Прежде чем ответить на этот вопрос, мы должны сосредоточиться на основном признаке, отделяющем для нас то, «что подлинно есть», от всего остального – от «кажущегося», «воображаемого», «предполагаемого». Этот признак есть не чувственная наглядность и даже не конкретная данность; он состоит только в том, что нечто предстоит мне как объект, как нечто, стоящее передо мною, на что я направляю мой умственный взор и что я улавливаю, констатирую, регистрирую. Только этим то, что подлинно есть, отличается от кажущегося, предполагаемого, воображаемого. Совокупность подлинно сущего точнее определяется не тем, что она есть «эмпирическая» действительность, а тем, что она есть действительность объективная. В чем, собственно, состоит различие между этими двумя определениями?
Уже давно и с неопровержимой убедительностью философская мысль достигла сознания, что «объективная действительность», кроме совокупности эмпирически данного ее материала, содержит в себе еще нечто иное – именно то, что образует его «форму». Это есть элемент, который называется «идеальным» и который открывается чисто умственному, «интеллектуальному» созерцанию. Кант показал, что пространство и все, что в составе опыта им определено, принадлежит не к конкретному материалу внешнего, чувственного опыта, а лишь присутствует в нем как бы сверх этого материала; и он показал также, что время, в составе которого мы вообще воспринимаем все опытно данное, также есть само не «материал» опыта, не то, чт? именно в нем дано, а условие опыта, то, как, в какой форме он дан. И, наконец, он показал, что целый ряд общих элементов и отношений, которые мы причисляем к составу действительности, как, например, «причина», «качество», «отношение», «вещь» (или «субстанция») и т. п., сами не «даны» в опыте на тот лад, на который дан его чувственный или вообще конкретный материал, а как-то по-иному присутствует в нем, образуя его «формы». Перечень этих «формальных» элементов бытия, намеченный Кантом, должен быть восполнен еще отношениями или формами чисто «логическими». Такие отношения, как тождество, различие, логическое подчинение (отношение между родом и видом), отношение основания и следствия, хотя на первый взгляд и кажутся принадлежащими не самим объектам, а нашей мысли о них и обычно в так называемой «формальной логике» излагаются как «законы мышления», – для непредвзятого восприятия объективной картины бытия также оказываются входящими в ее состав, принадлежащими к тому, что «подлинно есть».
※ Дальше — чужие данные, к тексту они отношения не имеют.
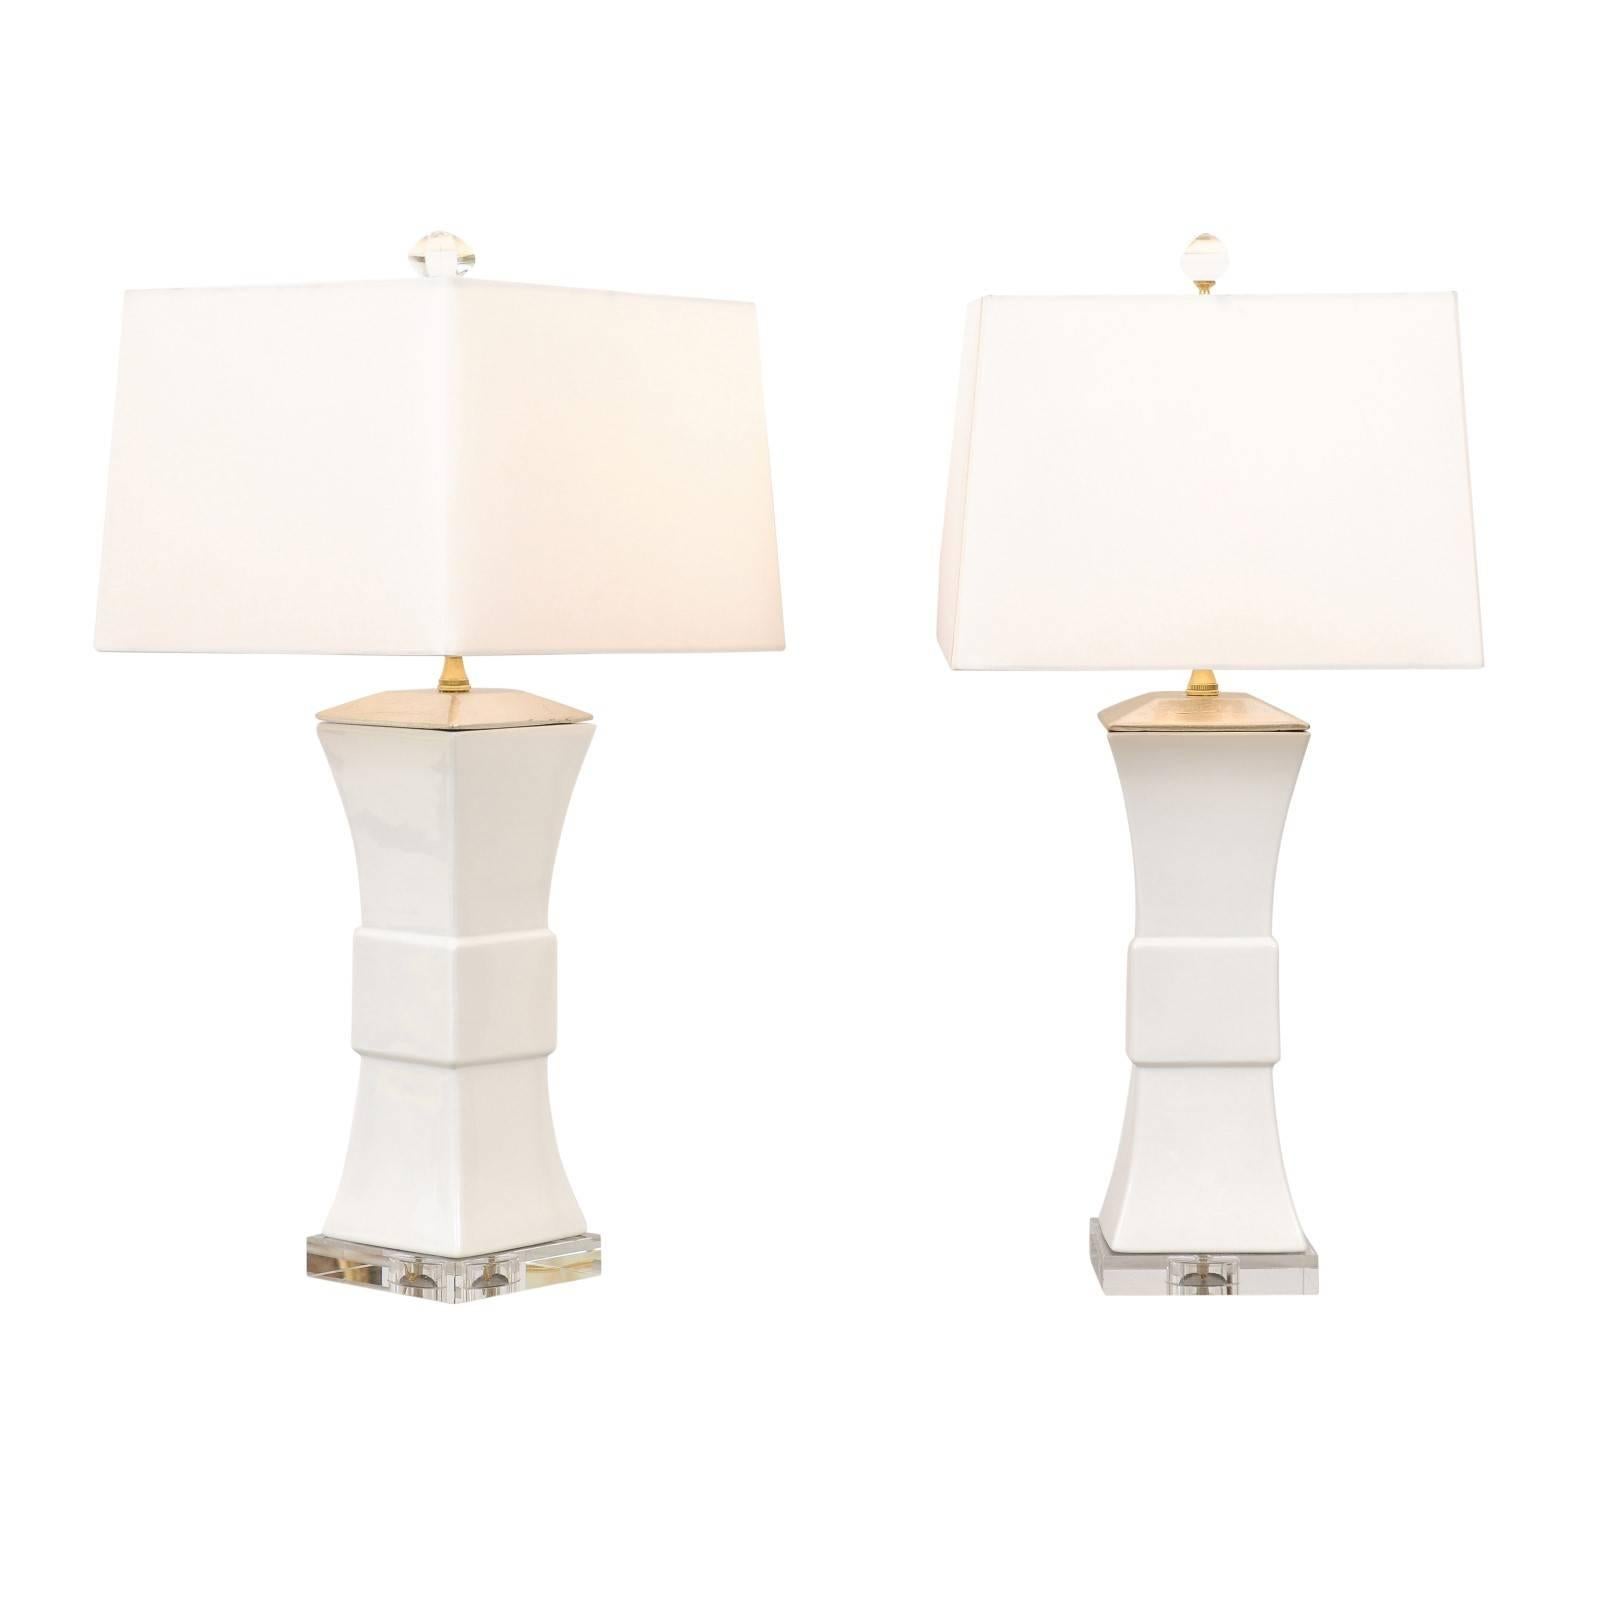 Pair of Contemporary White Porcelain Concave Table Lamps on Square Crystal Bases

Это усмотрение «идеальных» элементов бытия, впервые достигнутое Платоном и в новой философии особенно отчетливо выраженное Кантом, по существу совершенно независимо от той спорной и искусственной теории, которую выставил Кант для объяснения этого соотношения. Для Канта, как известно, присутствие в составе опыта этих идеальных элементов, которые он считает формами нашего человеческого сознания, опорочивает самую объективную реальность того, что мы называем эмпирической действительностью. Она представляется ему некой картиной, которую мы сами творим, налагая на чувственный материал формы, присущие нашему собственному сознанию. Эта картина, несмотря на свою общеобязательность, оказывается у него поэтому не подлинной реальностью, а только объективированным комплексом наших представлений – как бы некой застывшей, устойчивой, общей всем людям иллюзией.
Нам нет здесь надобности входить в критику этой теории. Доля истины, в ней заключающаяся, но выраженная искаженно, в сочетании с предвзятыми и ложными допущениями, уяснится нам тотчас ниже сама собой. Как уже указано, для непредвзятого чистого описания состава опыта совершенно очевидно, что идеальные элементы опытно данного не в меньшей мере входят в состав объективной действительности, чем элементы чувственного или вообще конкретно данного ее материала. Именно учитывая наличность этих идеальных элементов, целесообразно заменить при обозначении того, что «подлинно есть», термин «эмпирическая действительность» – термин, в котором ударение лежит обычно на том, что дано нам чувственно или конкретно, т. е. на «материале» бытия, – термином «объективная действительность».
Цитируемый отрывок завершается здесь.